Patriot Act = Gleichschaltung

On a dark day for this land, when the Spineless Senate has OK’d a raft of legislation known as the USA Patriot Act that has taken away the rights and liberties of American citizens, it may behoove us to note the term “Gleichschaltung,” since it applies to our plight in the USA in 2006.

From
Wikipedia, the free encyclopedia.

The German word Gleichschaltung (literally "synchronising", synchronization) is used in a political sense to describe the process by which the Nazi regime successively established a system of totalitarian control over the individual, and tight coordination over all aspects of society and commerce. Another possible translation is "making equal". One goal of this politics was to enforce a specific way of doctrine and thinking to everybody, eliminating individualism.

The Nazi party's desire for total control required the elimination of all other forms of influence. The period from 1933 to around 1937 was characterized by the systematic elimination of non-Nazi organizations that could potentially influence people, such as trade unions and political parties. Those critical of Hitler's agenda, especially his close ties with the industry were suppressed or intimidated. The regime also assailed the influence of the churches, for example by instituting the Ministry of Ecclesiastical Affairs under Hanns Kerrl.
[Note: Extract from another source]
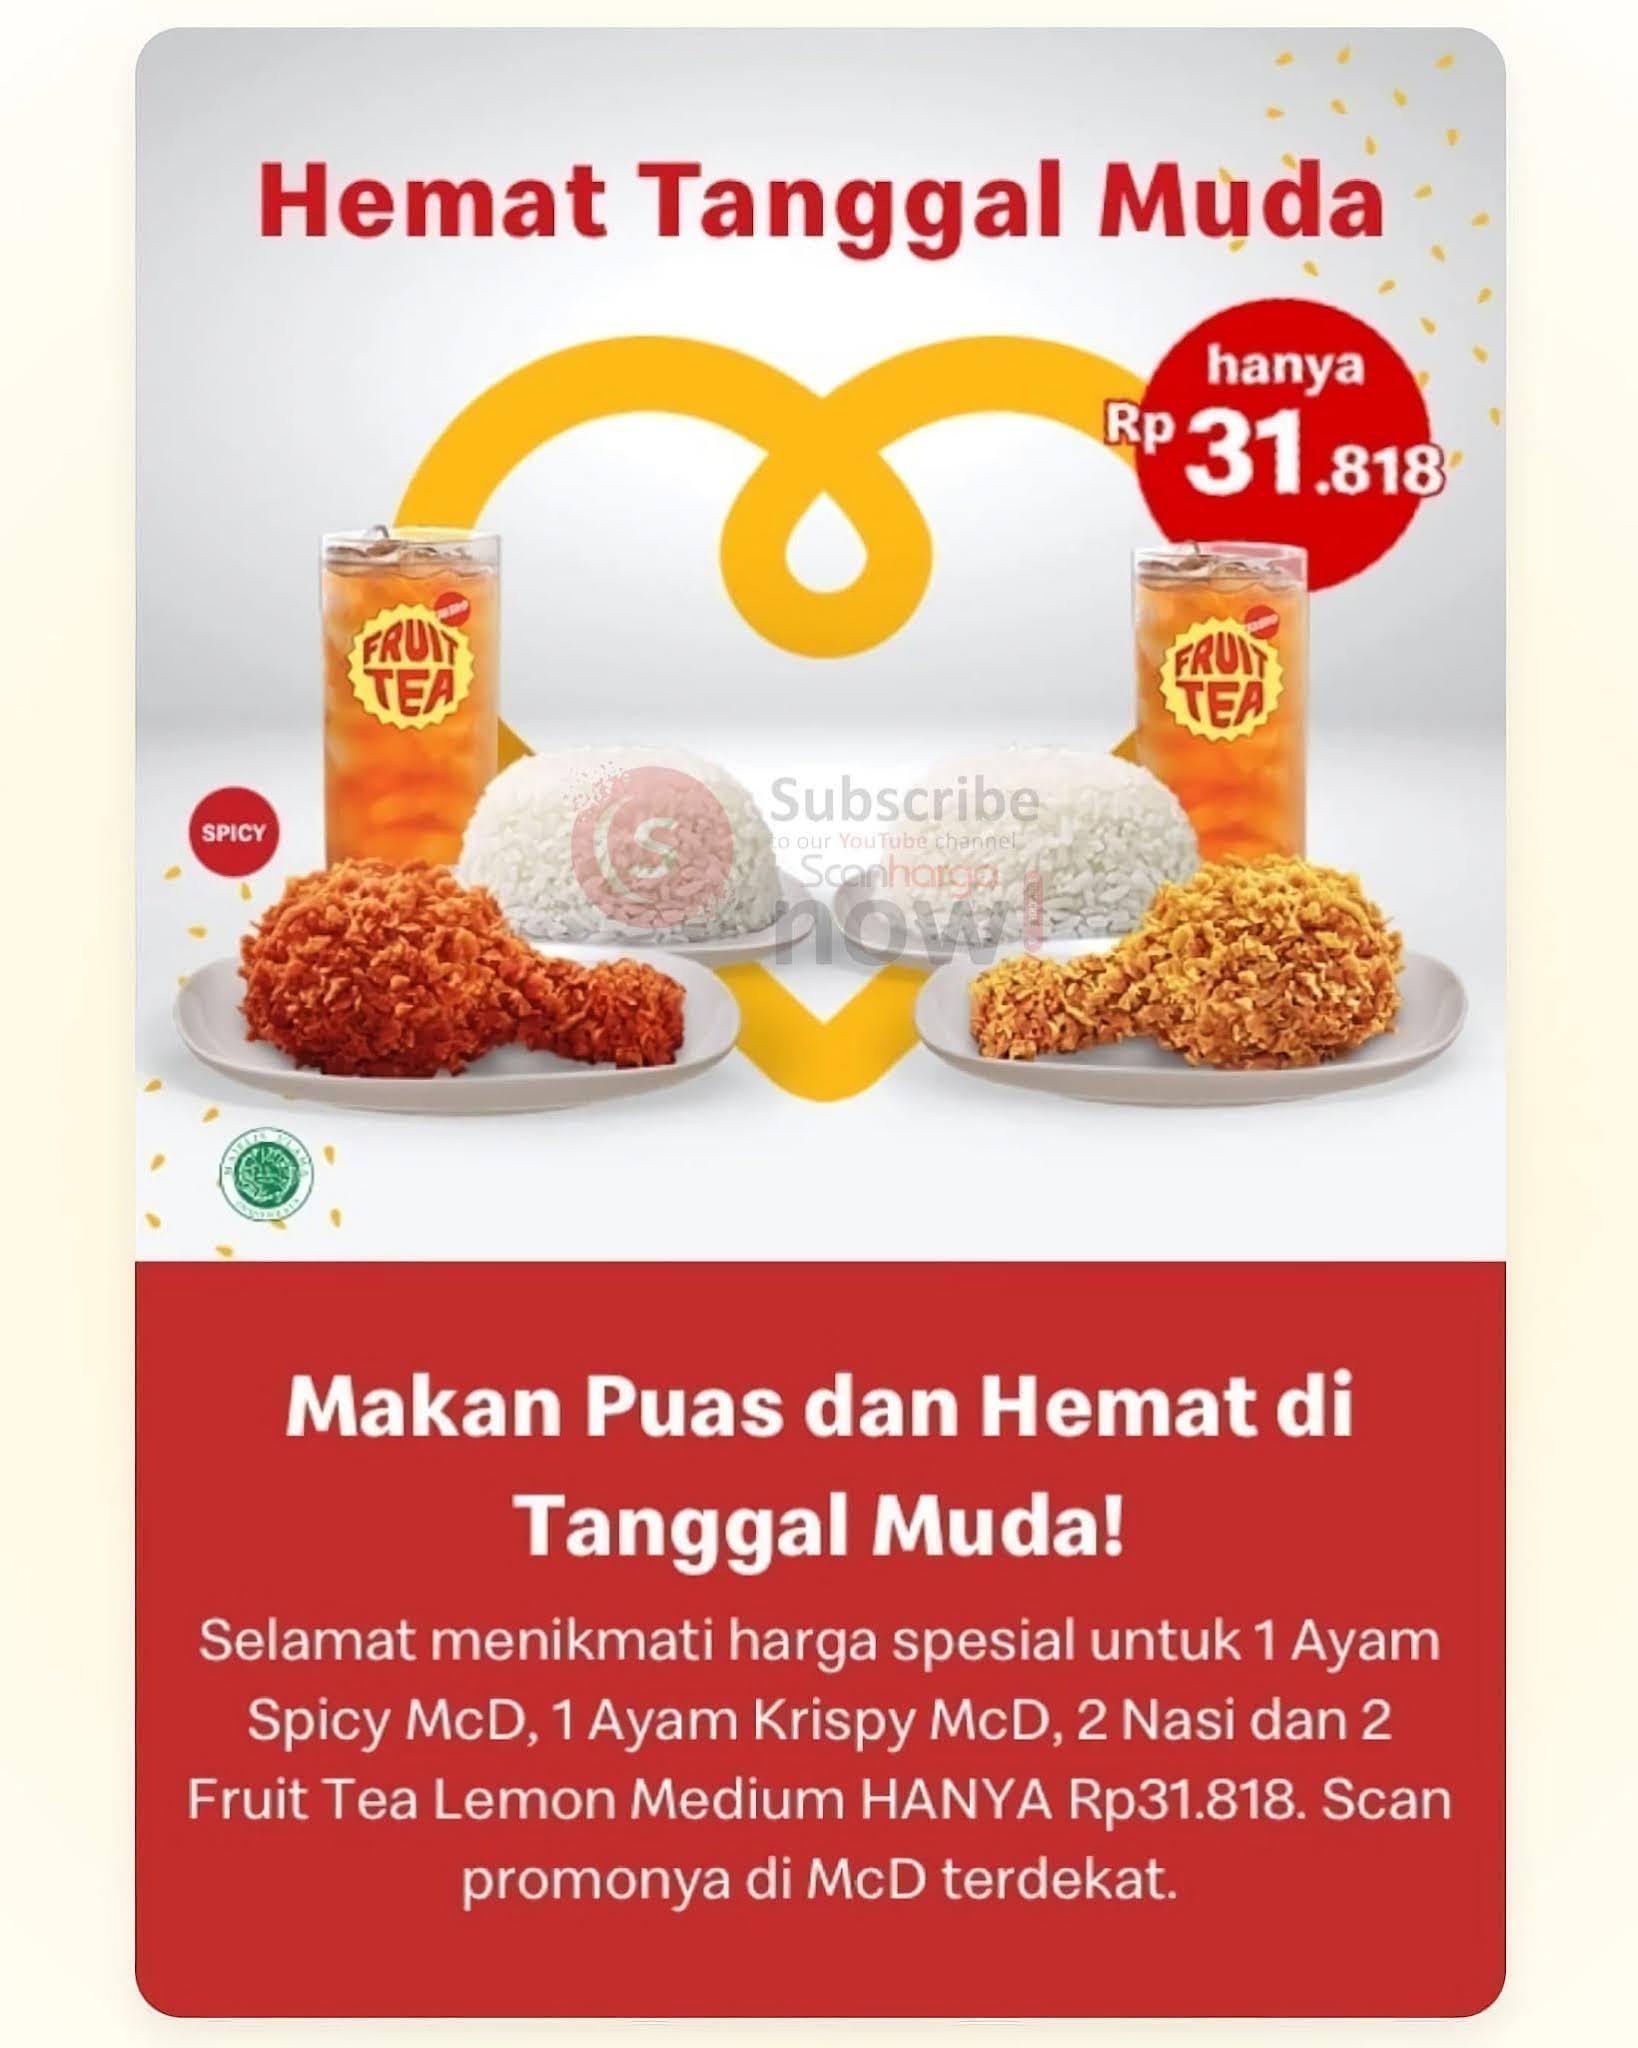 McDonald's Promo Hemat Tanggal Muda( 2 Ayam + 2 Nasi + 2 Fruit Tea Lemon) harga cuma Rp. 31.818

Organizations that the administration could not eliminate, such as schools, came under its direct control.

[snip]

One day after the Reichstag fire on February 27, 1933, the increasingly senile President of Germany Paul von Hindenburg, acting at Hitler's request, issued the Reichstag Fire Decree. This decree suspended most human rights provided for by the 1919 constitution of the Weimar Republic and thus allowed for the arrest of political adversaries, mostly Communists, and for general terrorizing by the SA to intimidate the voters before the upcoming election.
In this atmosphere the Reichstag general election of March 5, 1933 took place. These yielded only a slim majority for Hitler's coalition government and no majority for Hitler's own Nazi party.

When the newly-elected Reichstag first convened on March 23, 1933, (not including the Communist delegates, since their party had already been banned by that time) it passed the Enabling Act (Ermächtigungsgesetz), transferring all legislative powers to the Nazi government and, in effect, abolishing the remainder of the Weimar constitution as a whole. Soon afterwards the government banned the Social Democratic party, which had voted against the Act, while the other parties chose to dissolve themselves to avoid arrests and concentration camp imprisonment.